Status: NEW → ASSIGNED
This is a very simple test case (I'll make a more sophisticated test case later). There are two lines of text written in Devanagari. The first line is U+0915 (Devanagari Letter KA) followed by U+094D (Devanagari Virma) both of which are in a single span. In the second line, they're enclosed in two separate <span></span> with inline styles (color: blue and color: red). To my great surprise, Safari renders both lines identically in terms of the shape while in the second line U+0915 is rendered in blue and U+094D is rendered in red. So, I was wrong to say that AAT/ATSUI can't do this. Apparently, they can.... Whether Safari is right is another matter. To check MS IE, I have to reboot my machine to Windows. I'll do that later.

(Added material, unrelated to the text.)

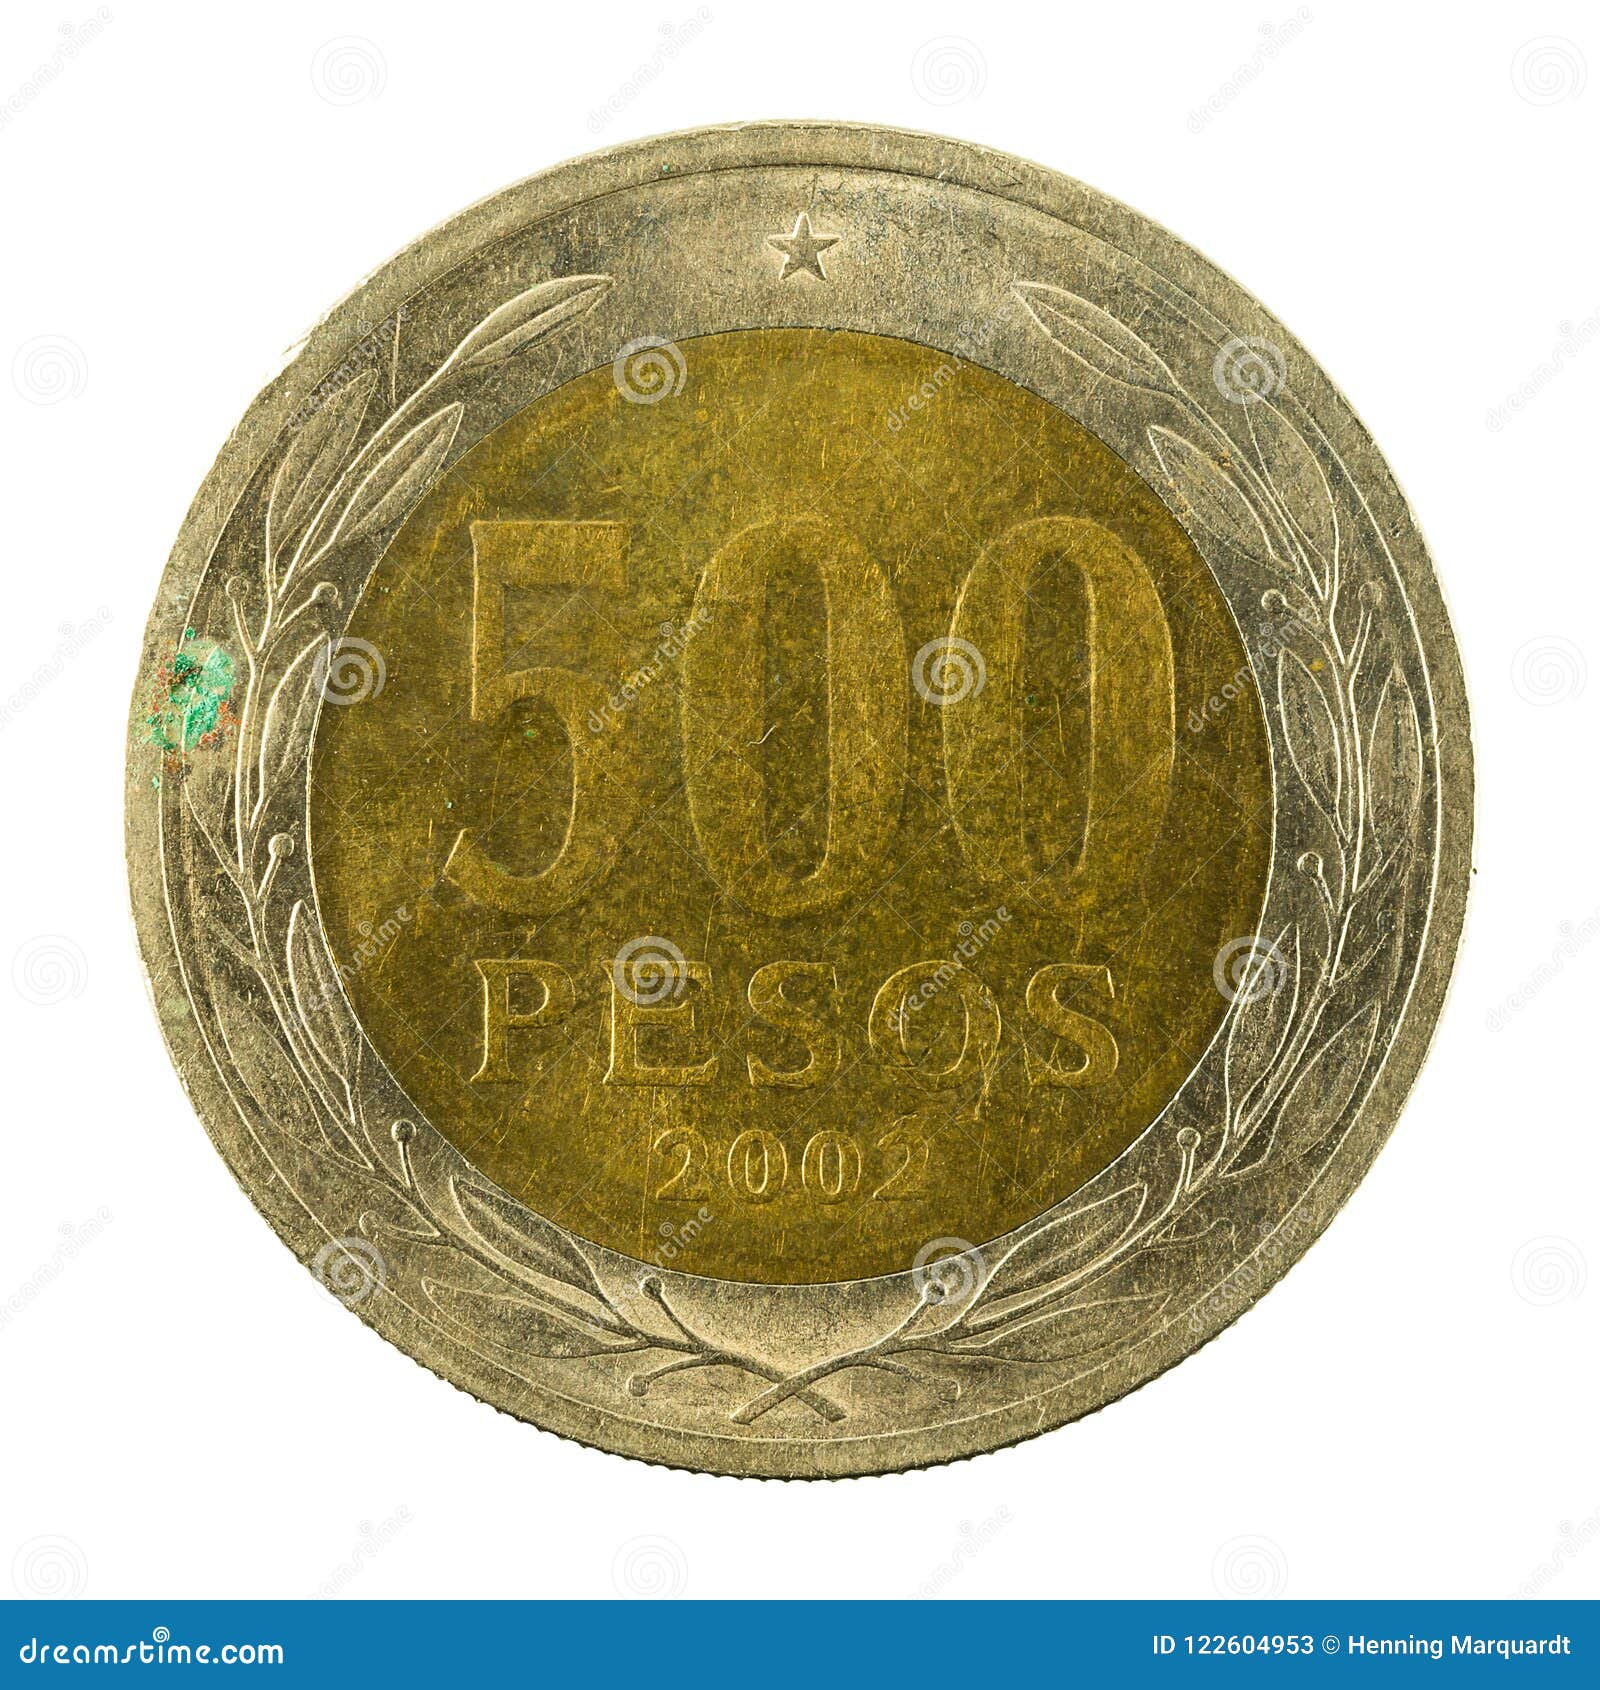 智利银元-价格:100元-se79295259-银元/机制银币-零售-7788钱币网

MSIE renders both lines with the same positioning. In the second line the base character and the diacritic are both colored blue. The behaviour is much the same in http://www.qsm.co.il/Hebrew/HebrewTest/color.htm
What if the spans use a different size, or a different font? Is this Devanagari pair a true ligature in the font, or is the renderer just composing a base character with a diacritic programmatically? I wonder what should happen (or does happen in IE) if you have spans with different fonts and the characters would be a ligature in the first font but not in the second font.
(In reply to comment #26) > What if the spans use a different size, or a different font? I'll try that. Another test we can do is how line breaking is handled for cases like '<span>verylong</span><span>word</span>' ('verylongword' is just made of Latin letters in the ASCII range) in MS IE and Safari. > Is this Devanagari pair a true ligature in the font, or is the renderer just > composing a base character with a diacritic programmatically? It depends. 'End-users'(?) are not supposed to know about that details ....Apparently, ATSUI has 'attributed/annotated' strings (Pango has something similar). > I wonder what should happen (or does happen in IE) if you have spans with > different fonts and the characters would be a ligature in the first font but not > in the second font. This test is a bit hard to do unless I have the latest version of Uniscribe DLL (which may only be available with the purchase of MS Office/Word 2005?) that supports opentype GSUB/GPOS for Latin. I might try something similar with Devanagari. See also bug 157967
I think we should do what IE seems to be doing, and treat each grapheme as belonging to the span that contains its first character.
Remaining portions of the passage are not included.